Tea Partiers and the Constitution

Tea Parties have a strange love-hate relationship with the Constitution.

I think they have some sort of their own version of the Constitution, just like Conservatives have their own idealized version of the 1950s or Reagan or like any of us have our own idealized memories of childhood. Sober analysis would conclude that it’s not like times were better, but perhaps it was just that we were younger.

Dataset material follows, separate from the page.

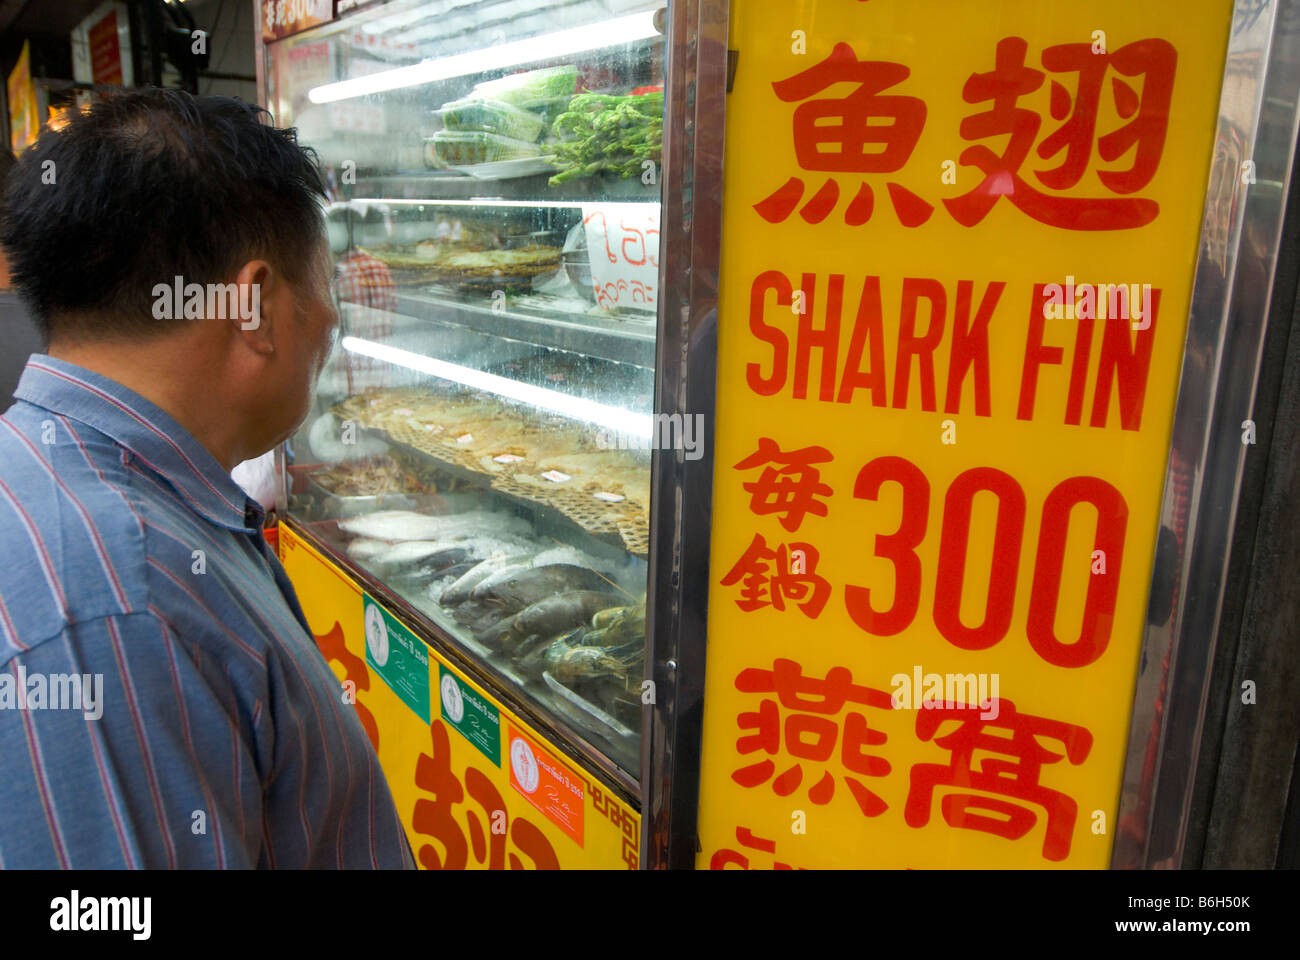 El cliente mirando escaparates de la sopa de aleta de tiburón restaurante chino en el centro de Chinatown Bangkok Thailand Foto de stock

So I downloaded the full text of the Constitution in an attempt to see where do they get their talking points. To begin, I searched for the word “religion” in the text, given the recent demand by Tea Party darling Christine O’Donnell, delivered with an air of knowing superiority during her debate, to know where in the Constitution there’s a separation of church and state. The word “religion” did come up once in the text. In the context of “No religious test shall ever be required as a qualification to any Office or Public Trust under the United States”. Further, in the First Amendment, is the following: “Congress shall make no law respecting the establishment of religion”. I have to give her that – she really did believe that there’s a mention of God or Jesus in the Constitution, because she looked like a child who just found out that there’s no Santa Claus. When her opponent quoted the First amendment it was like an unpleasant revelation to her. I hope that the first thing she did after the debate is to go and check the text to see it with her own eyes.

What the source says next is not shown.